Background information
- Born: 1912 Tehran, Iran
- Died: December 1993 (aged 80–81) Tehran, Iran
- Genres: Persian classical
- Occupation(s): Composer, pianist
- Instrument: Piano

= Javad Maroufi =

Javād Ma'roufi (جواد معروفی), (1912 in Tehran – December 7, 1993, in Tehran) was an Iranian composer and pianist.

==Biography==
Javād Ma'roufi was born in Tehran to the musician father Musā Ma'roufi and mother Ozrā Ma'roufi (or Ezra Ma'roufi) who were both distinguished pupils of Darvish Khan, a renowned music master of the time in Iran.
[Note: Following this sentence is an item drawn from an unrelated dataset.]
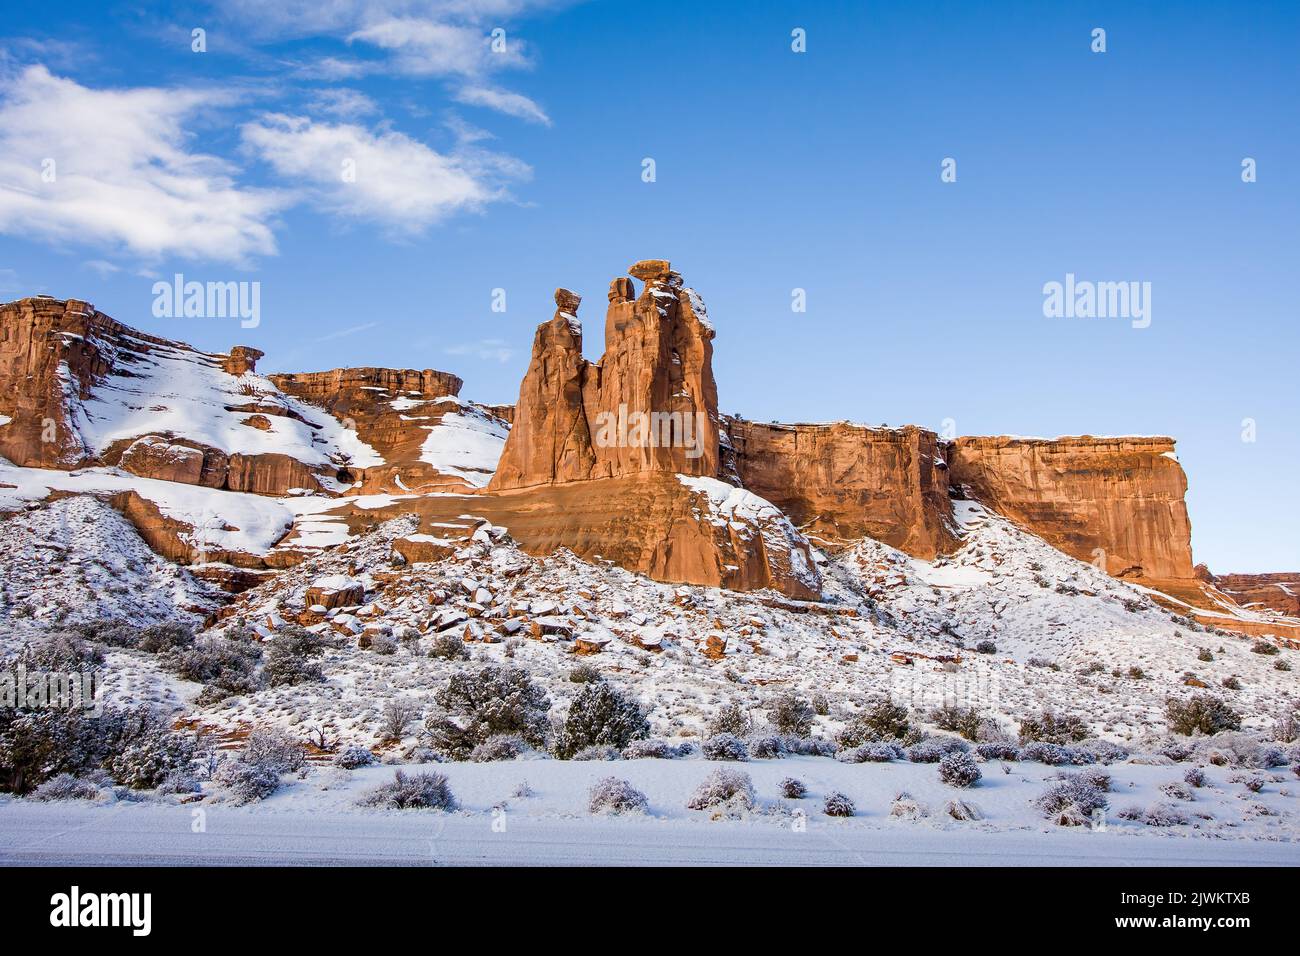 The hoodoos known as the Three Gossips in the Courthouse Towers with snow in winter.  Arches National Park, Moab, Utah. Stock Photo

Javād Ma'roufi lost his mother at a young age, and consequently grew up with his paternal family. He was taught in music first by his father, playing both the tar and the violin. At age fourteen, he attended the Academy of Music of which Ali-Naqi Vaziri was the director and where he studied the piano under the music master Tatiana Kharatian. During this period he studied works by Chopin, Mozart, Beethoven and Bach.

His more well-known compositions include "Jila Fantasy", "Golden dreams", and "Ashura".

== Death ==
Ma'roufi died in the morning of Tuesday 7 December 1993 (16 Āzar 1372 AH) in a hospital in Tehran.